ABSTRACT

There are over 3,000 jails in the United States, which are often used as de facto facilities for people with mental illness. Because jails offer little treatment programming and can, in many cases, be detrimental to mental health, a major question is what type of implementation processes can reduce the use of jails for people with mental illness. This chapter examines which implementation factors – and whether they focus on public safety, public health, or a hybrid approach – support policy reforms that affect the size and type of jail populations. In particular, this study focuses on understanding which type of implementation efforts yield impact on the size of the jail population and the number and types of programs for people with mental illness that exist in a jurisdiction. The study uses a sample of 130 Stepping Up jurisdictions and similar control counties (matched on sociodemographic characteristics and population size). Data come from an online survey and interviews with select counties.
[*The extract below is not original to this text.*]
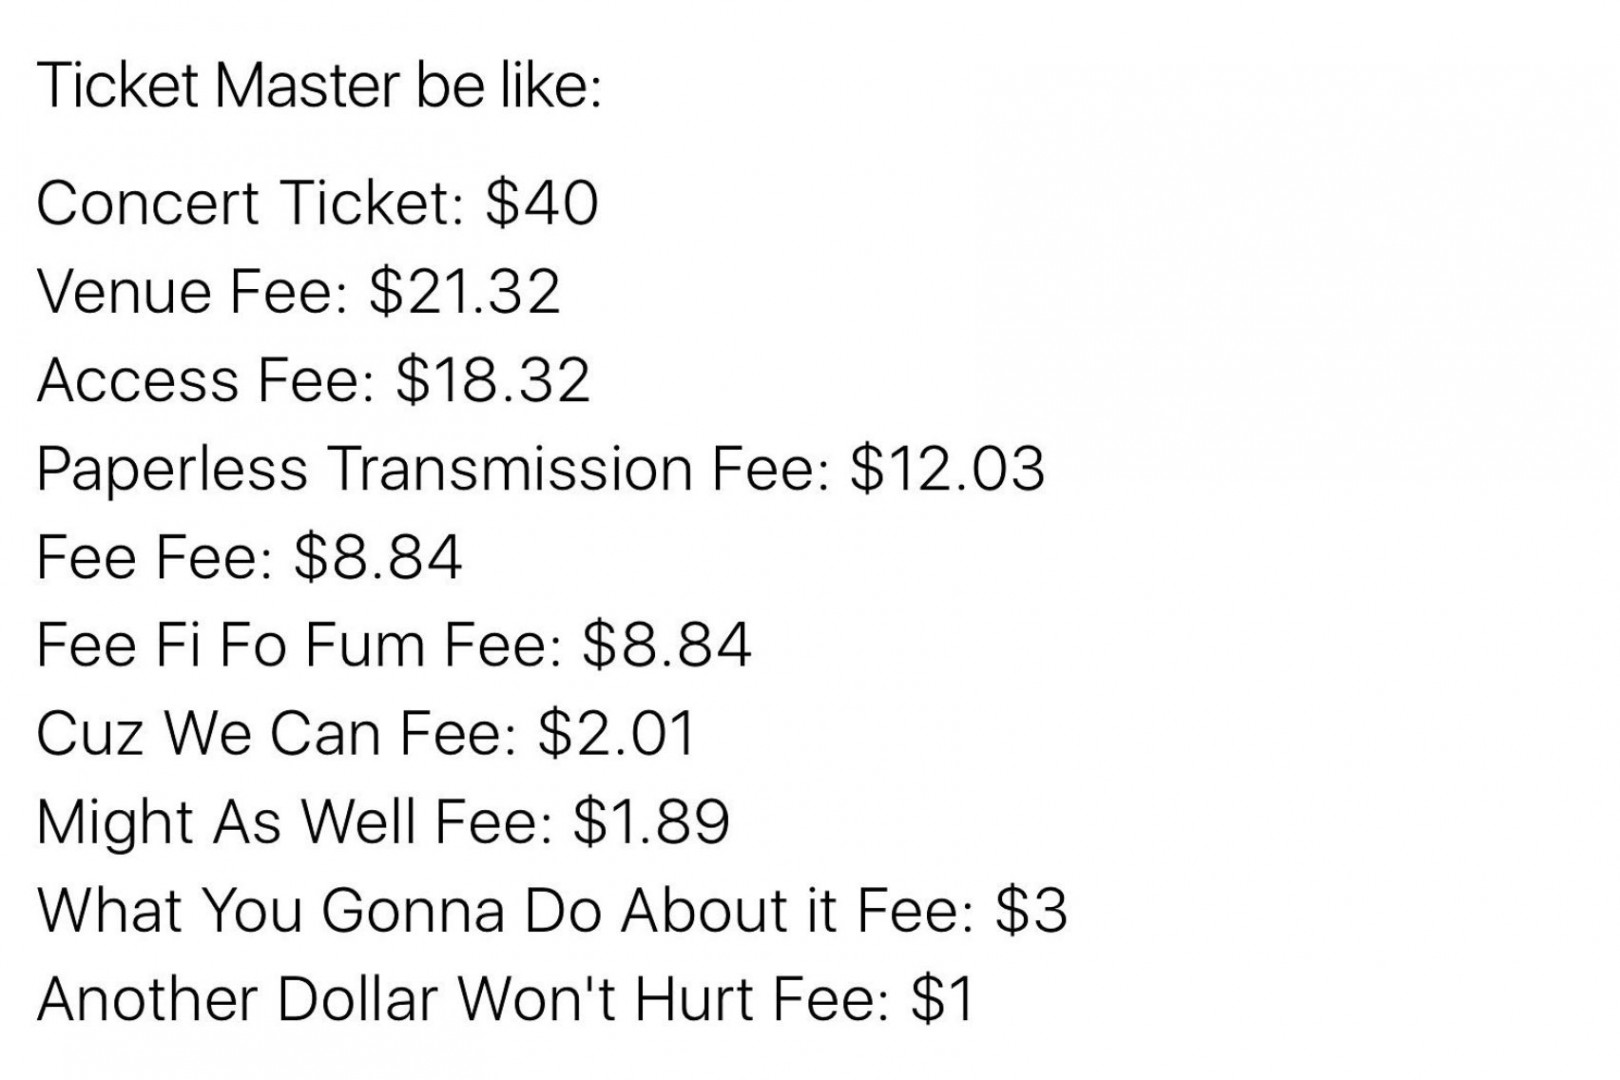 Cure demands Ticketmaster not use dynamic pricing, Ticketmaster then doubles processing fees

The implementation factors identified with exploratory factor analysis techniques are: (1) relationship building with other agencies in the county and/or state, (2) infrastructure development related to data driven (3) quality programming, and (4) capacity building. Multilevel models provide understanding as to which implementation factors affect policy reform efforts focusing on local jails. This study illustrates the impact of varied approaches to reform depending on the size of the jurisdiction, size of the jail, orientation of reform, and the resources allocated. Lessons learned from different approaches to reform emphasize clarifying how a safety-health approach can affect how the jail can best serve their community.